451870 The Design of Micelles for Molecular Diagnostics
Specifically, CREKA micelles consisting of DSPE-PEG2000-DTPA(Gd) were spherical and approximately 10 nm confirmed by transmission electron microscopy (TEM) and dynamic light scattering (DLS). CREKA micelles incorporating either DSPE-DTPA(Gd) or BSA-DTPA(Gd) formed a mixed populations of spherical and cylindrical nanoparticles. Upon addition to fibrin clots in vitro, CREKA micelles with DSPE-PEG2000-DTPA(Gd) showed statistically significant binding capabilities compared to its non-targeting counterpart (no peptide). In comparison, CREKA micelles with DSPE-DTPA(Gd) or BSA-DTPA(Gd) showed no difference compared to its non-targeting counterparts. From these results, CREKA micelles incorporating DSPE-PEG2000-DTPA(Gd), or CREKA-Gd micelles, were used for further studies. T1 values decreased with increasing Gd content (2278-897 ms for 100% DSPE-PEG2000-CREKA micelles-25/75% DSPE-PEG2000-CREKA/DSPE-PEG2000-DTPA(Gd)) confirming efficacy as contrast agents. Upon injecting into late-stage atherosclerotic mice, enhanced signal was found at the aortic arch via MRI by both types of micelles, further confirmed via ex vivo fluorescence imaging. Clearance of micelles was found to be mainly through the liver and spleen, or the reticuloendothelial system, and H and E results of organ sections showed no morphological abnormalities.

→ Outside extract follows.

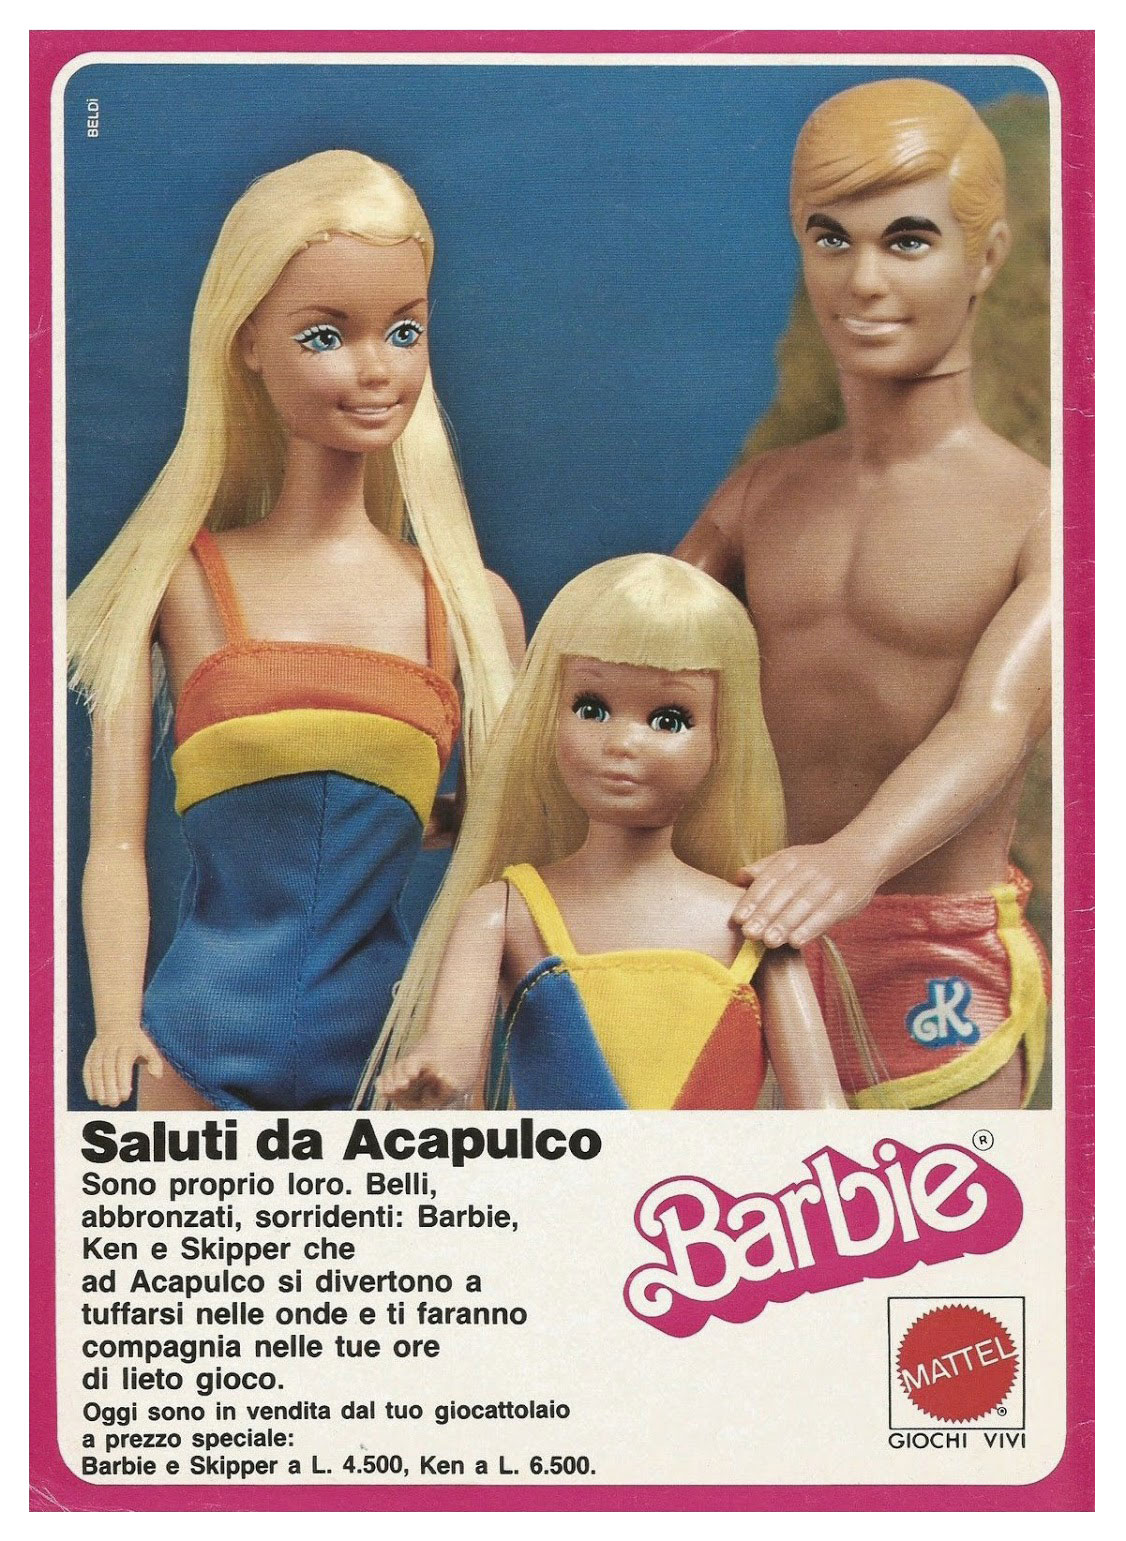 1979 Italian Ken Acapulco advertisement

In sum, novel nanoparticles for MRI were designed using various gadolinium chelators. Our data supports the importance of molecular design of self-assembling particles as it relates to functional and biological efficacy for disease diagnostics. Future studies will incorporate therapeutic components and dual MRI/positron electron tomography capabilities to enhance signal sensitivity.